Article: Positron emission tomography

Image of a typical positron emission tomography (PET) facility

Positron emission tomography (PET) is a nuclear medicine medical imaging technique which produces a three dimensional image or map of functional processes in the body.

Description

Maximum Intensity Projection (MIPS) of a typical ¹⁸F-FDG wholebody PET acquisition

Schema of a PET acquisition process

Schematic view of a detector block and ring of a PET scanner (here: Siemens ECAT Exact HR+)

A short-lived radioactive tracer isotope which decays by emitting a positron, chemically incorporated into a metabolically active molecule, is injected into the living subject (usually into blood circulation). There is a waiting period while the metabolically active molecule (usually a sugar) becomes concentrated in tissues of interest, then the subject is placed in the imaging scanner. The short-lived isotope decays, emitting a positron. After travelling up to a few millimeters the positron annihilates with an electron, producing a pair of annihilation photons (similar to gamma rays) moving in opposite directions. These are detected when they reach a scintillator material in the scanning device, creating a burst of light which is detected by photomultiplier tubes. The technique depends on simultaneous or coincident detection of the pair of photons: photons which do not arrive in pairs (i.e., within a few nanoseconds) are ignored.

The most significant fraction of electron-positron decays result in two 511keV photons being emitted at almost 180 degrees to each other, hence it is possible to localise their source along a straight line of coincidence. In practice the line of coincidence has a finite width as the emitted photons are not exactly 180 degrees apart. Using statistics collected from tens-of-thousands of coincidence events, a map of their origin in the body can be plotted. The resulting map shows the tissues in which the molecular probe has become concentrated, and can be interpreted by nuclear medicine physician or radiologist in the context of the patient's diagnosis and treatment plan. PET scans are increasingly read alongside CT scans or MRI scans, the combination giving both anatomic and metabolic information (what the structure is, and what it is doing). PET is used heavily in clinical oncology (medical imaging of tumors and the search for metastases) and in human brain and heart research.
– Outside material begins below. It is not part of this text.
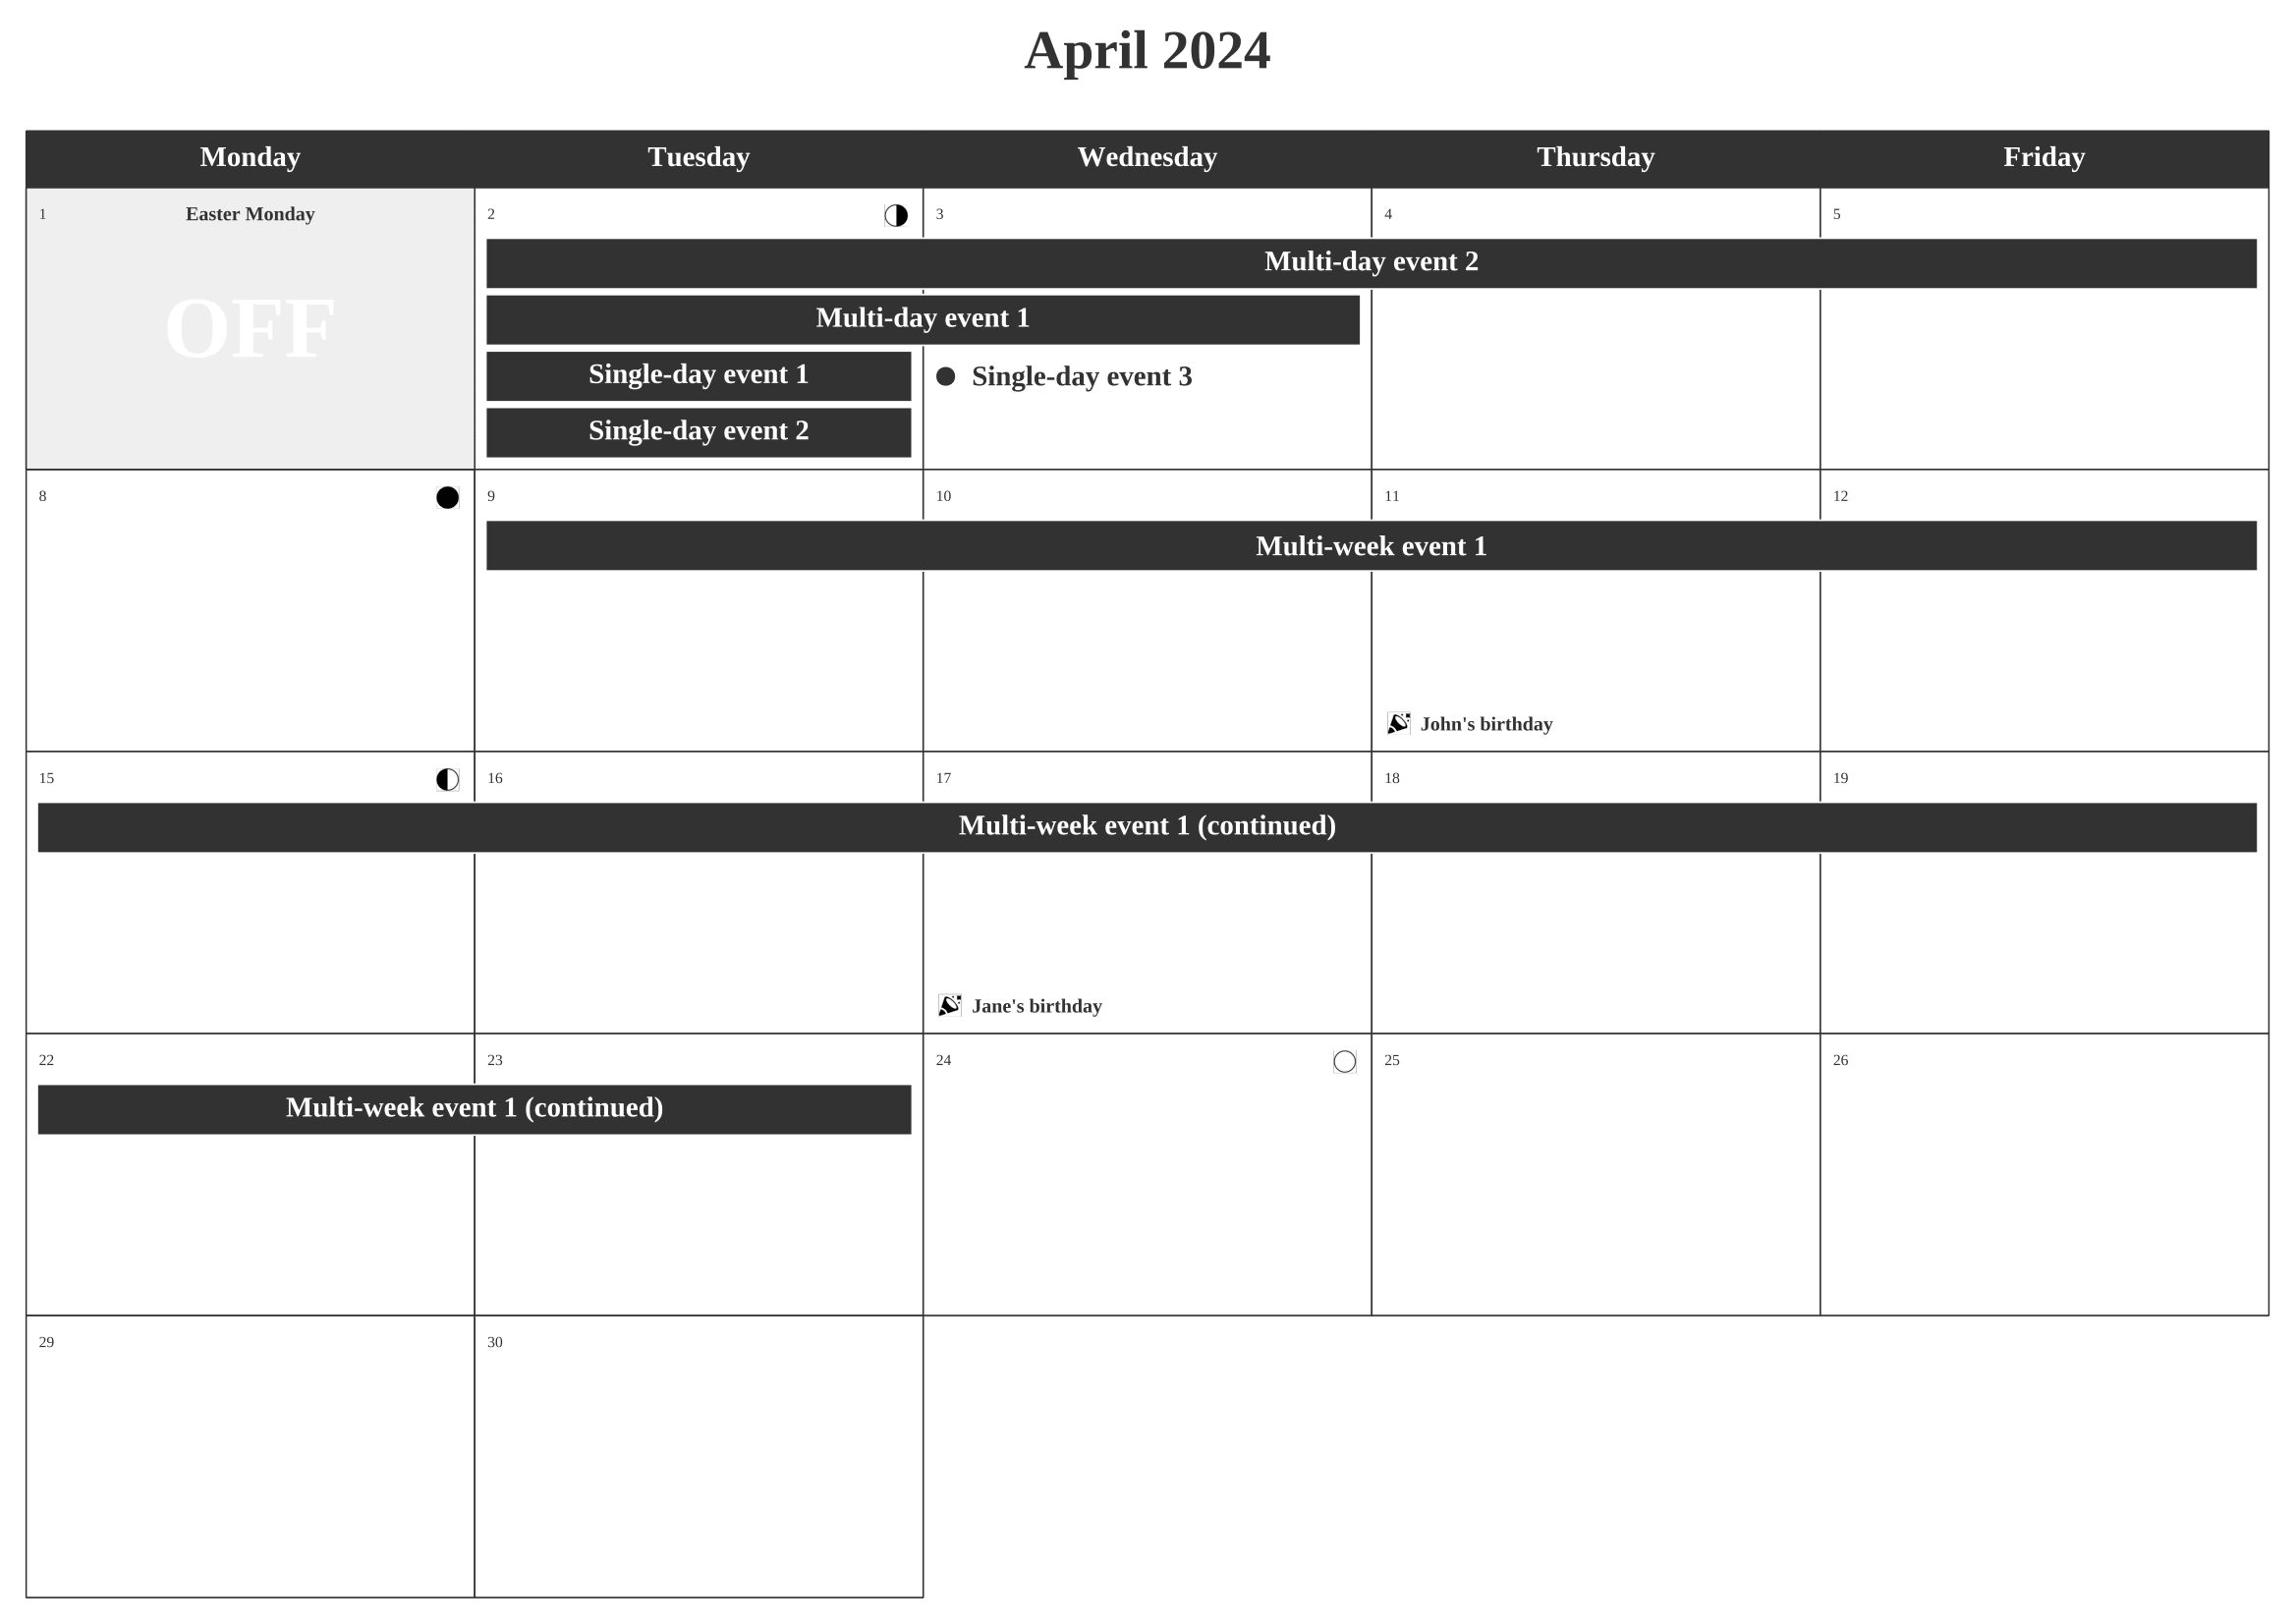 Monthly calendar - Multi-week events

Because PET imaging is most useful in combination with anatomical imaging, such as CT, modern PET scanners are now available with integrated high-end multi-detector-row CT scanners. Because the two scans can be performed simultaneously, not only is time saved, but the two sets of images are precisely registered so that areas of abnormality on the PET imaging can be correlated with anatomy on the CT images.
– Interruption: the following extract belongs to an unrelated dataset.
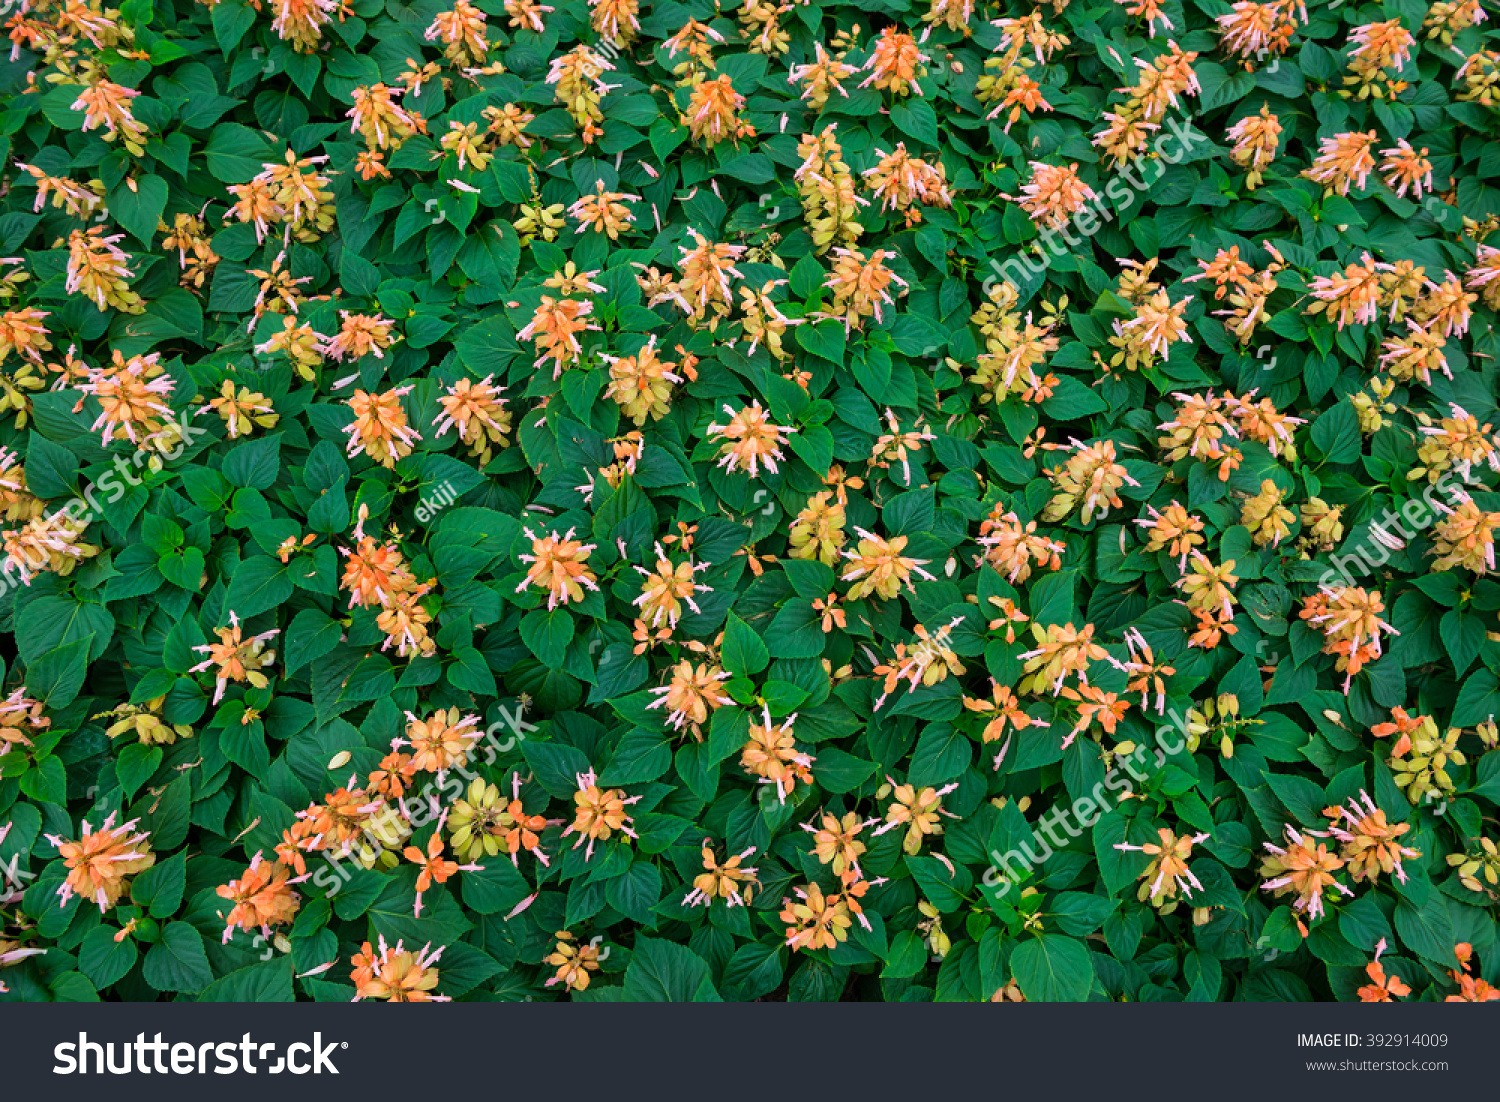 wallpaper orange flower with green leaf #392914009

Alternative methods of scanning include x-ray computed tomography (CT), magnetic resonance imaging (MRI) and functional magnetic resonance imaging (fMRI), ultrasound and single photon emission computed tomography (SPECT).

However, while other imaging scans such as CT and MRI, isolate organic anatomic changes in the body, PET scanners are capable of detecting areas of molecular biology detail (even prior to anatomic change) via the use of radiolabelled molecular probes that have different rates of uptake depending on the type of tissue involved. The changing of regional blood flow in various anatomic structures (as a measure of the injected positron emitter) can be visualized and relatively quantified with a PET scan.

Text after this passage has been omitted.